Débat pour l’avant-première du film “Enfer au Paradis”. De gauche à droite :Raphaël Domjan, éco-explorateur, Edward Mitchell, professeur à l’UNINE, spécialiste de la biologie des sols, Tiziana Caminada, réalisatrice (ex-RTS), Fernand Cuche, militant écologiste, ancien conseiller national et conseiller d’Etat neuchâtelois, Giovanni Sammali, auteur du roman qui a inspiré le film, Philipe Renard, professeur à l’UNINE, spécialiste d’hydrogéologie.

Les coupables désignées : la mafia, les industries et le nord de l’Europe

Tout est parti du livre de Giovanni Sammali Salento, destination cancer. Happée par la lecture du roman, interpellée par la gravité du sujet et l’ampleur du problème, la réalisatrice, ancienne collaboratrice de la RTS, a consacré quatre ans de sa vie à ce film. Elle a repris un par un les arguments qui mènent les protagonistes du livre à des actes terroristes. Constat de ses investigations : hormis les attentats, tout était vrai.
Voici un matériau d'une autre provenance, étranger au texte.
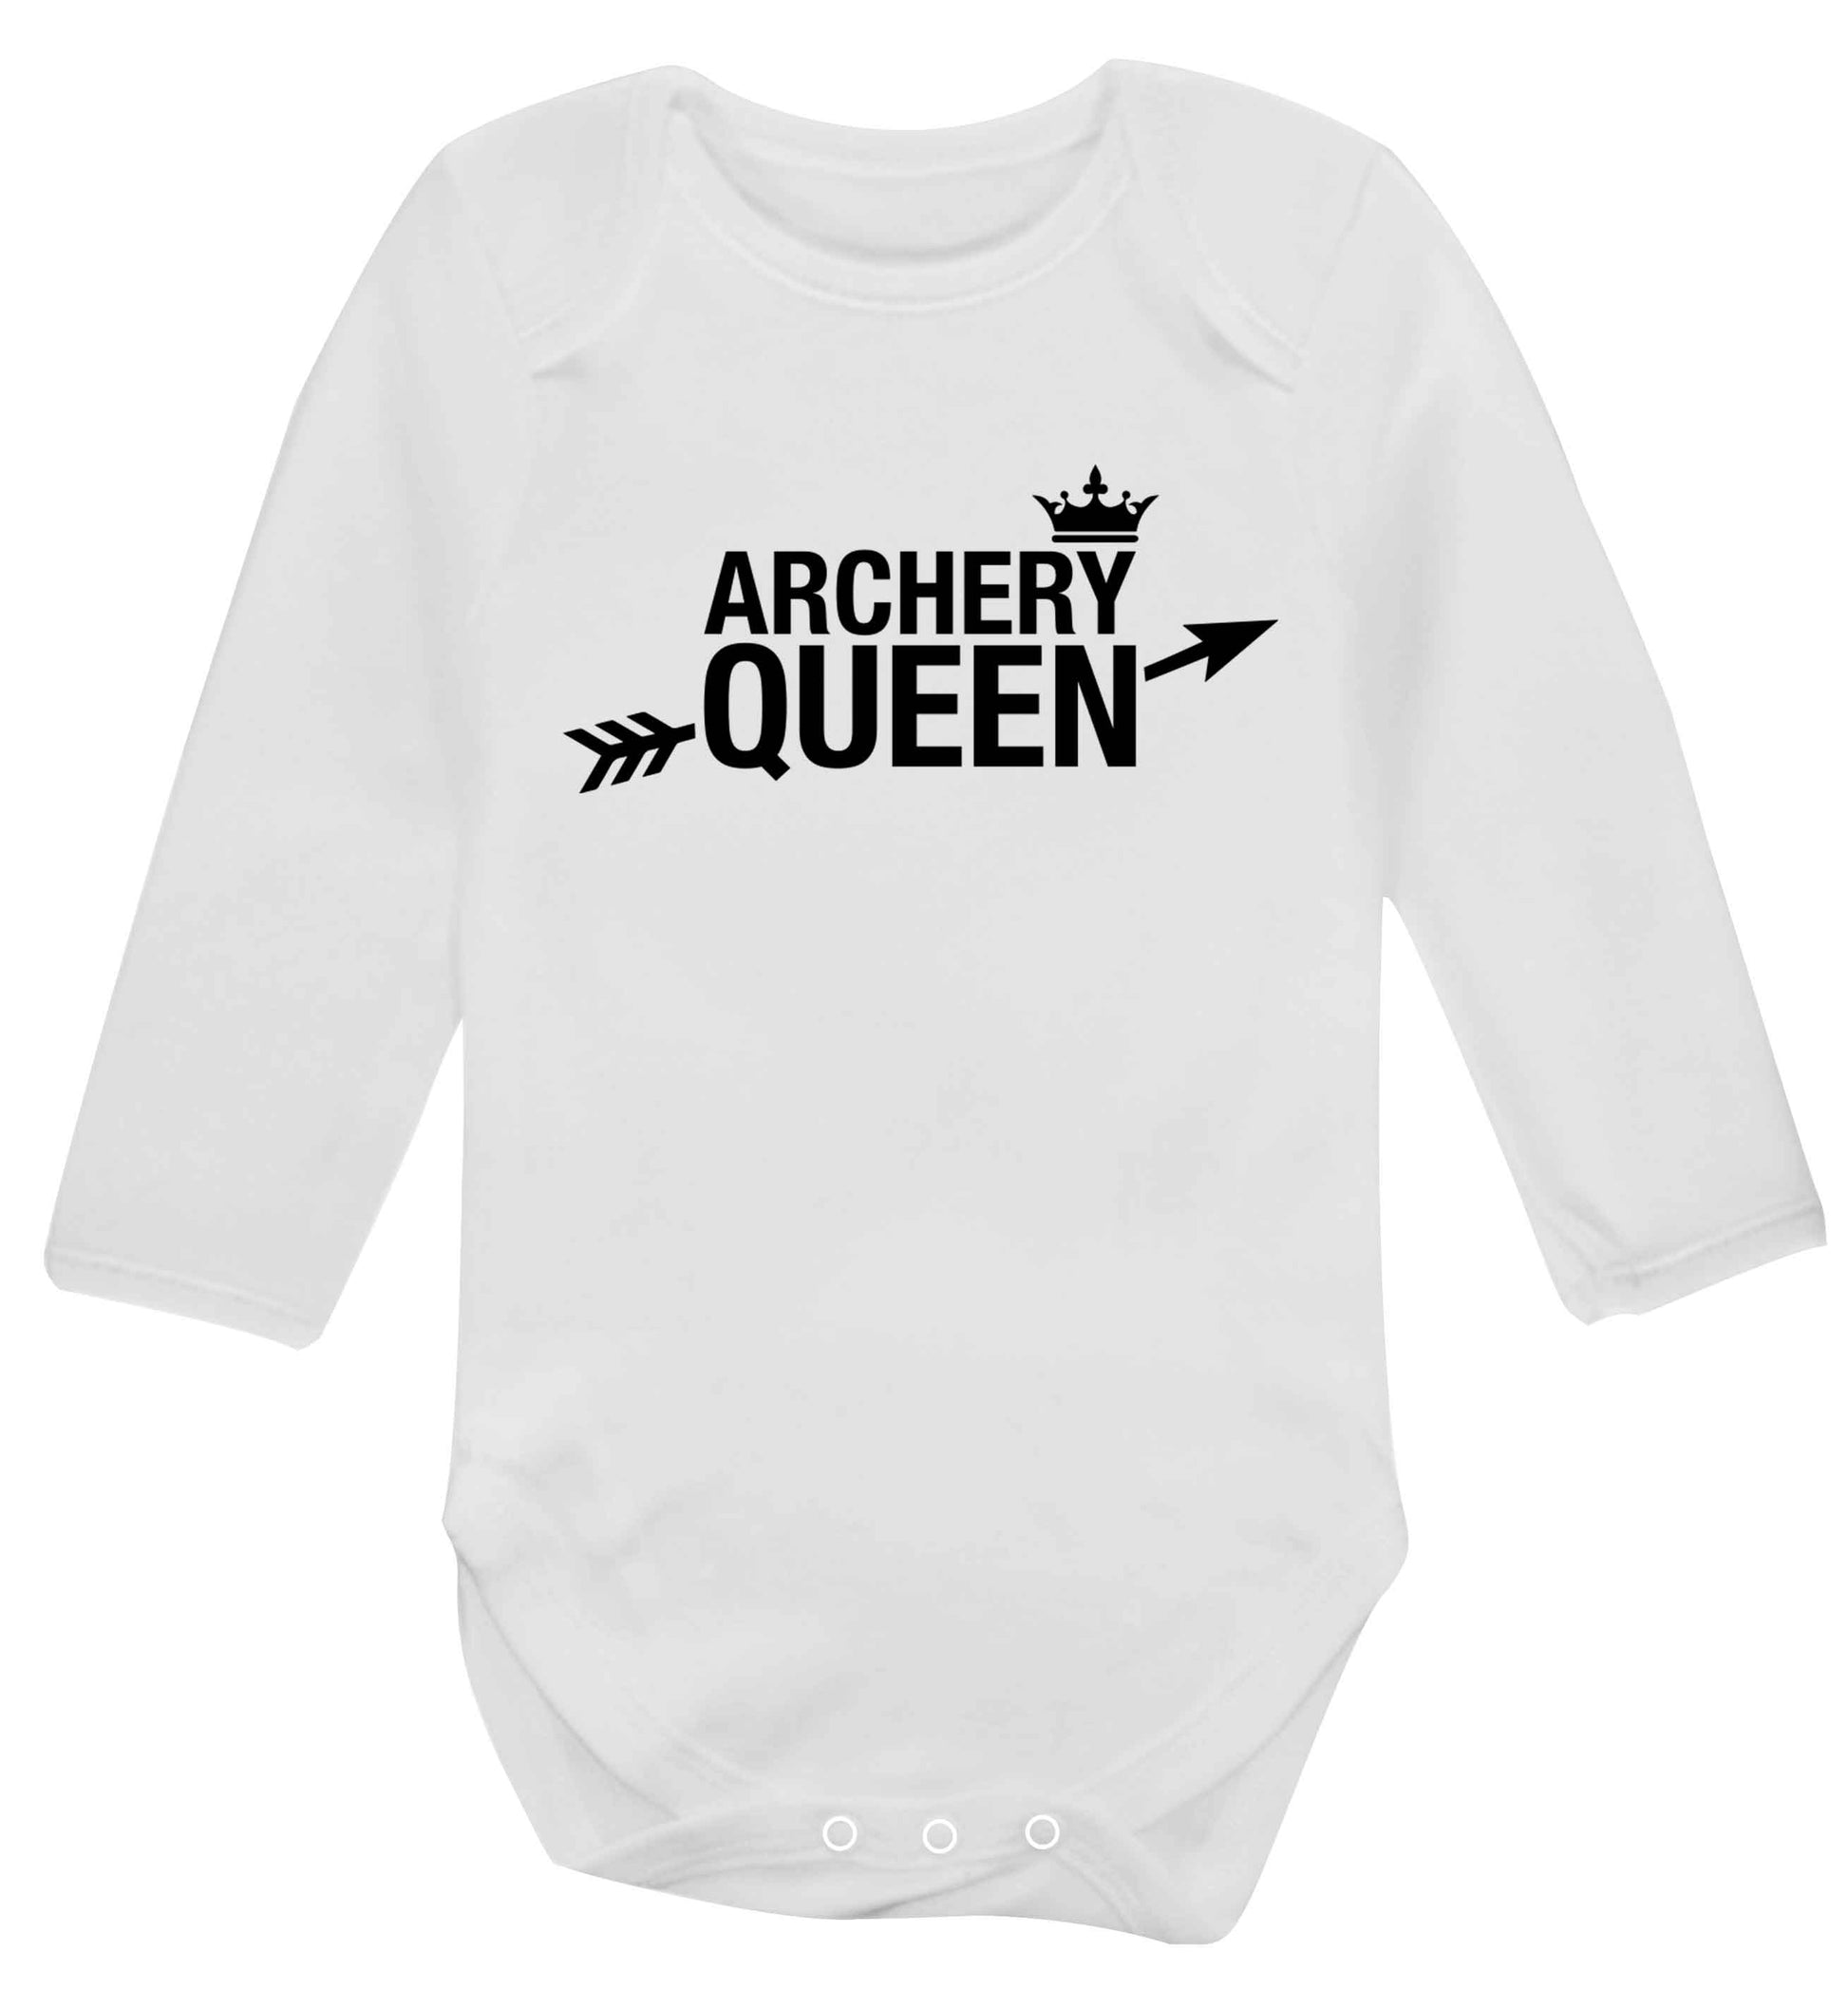 Archery queen Baby Vest long sleeved white 6-12 months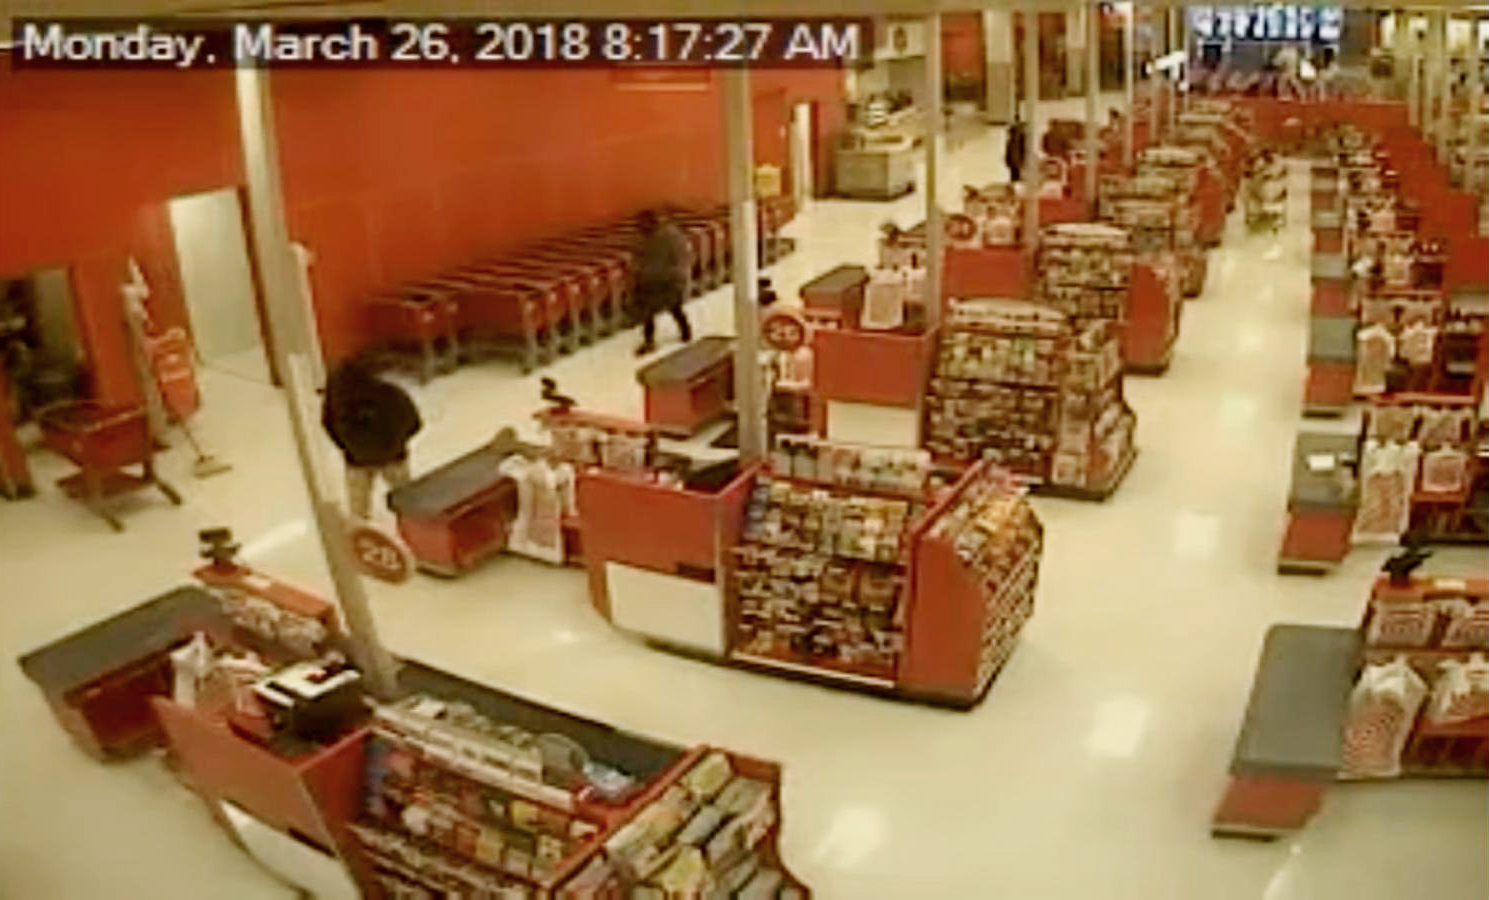 PHOTO: Police are seeking 2 suspects who got away with $350,000 from a Target store's vault on March 26, 2018 in New York.

En 2013, Paolo Pagliaro, du mouvement Region Salento, disait, en demandant la création d’une commission d’enquête interinstitutionnelle sur la question des déchets toxiques: « Le Salento décharge de L’Europe ? Voilà pourquoi on y meurt de tumeurs ». En effet, cette région pauvre, souvent méprisée du reste de l’Italie, est devenue la décharge sauvage de la mafia comme l’a également souligné Roberto Saviano, journaliste spécialisé dans la mafia italienne et auteur de Gomorra. Un endroit où les usines les plus polluantes comme l’aciérie (ex)ILVA, ou la centrale électrique de charbon de Cerano, se permettent, sans vergogne, de contaminer l’air, le sol et les nappes phréatiques, allégrement accompagnées par les Grands Manitous de l’agriculture. Hydrocarbures, dioxines et glyphosates sont tous de la partie. Le confort et le profit du nord de l’Italie et de l’Europe, a transformé ce Sud en poubelle géante et ses habitants en meurent. Les industriels prétendent ne pas avoir su estimer la toxicité de leurs déchets, or, après une enquête difficile, l’on a découvert des documents qui montrent qu’ils savaient parfaitement leur degré de nocivité. Les industries étaient au courant. Il s’agit  d’une faute intentionnelle. Des personnes ont été condamnées. Pourtant, au moment où j’écris cet article, les usines continuent de rejeter leurs poisons comme si rien ne s’était passé !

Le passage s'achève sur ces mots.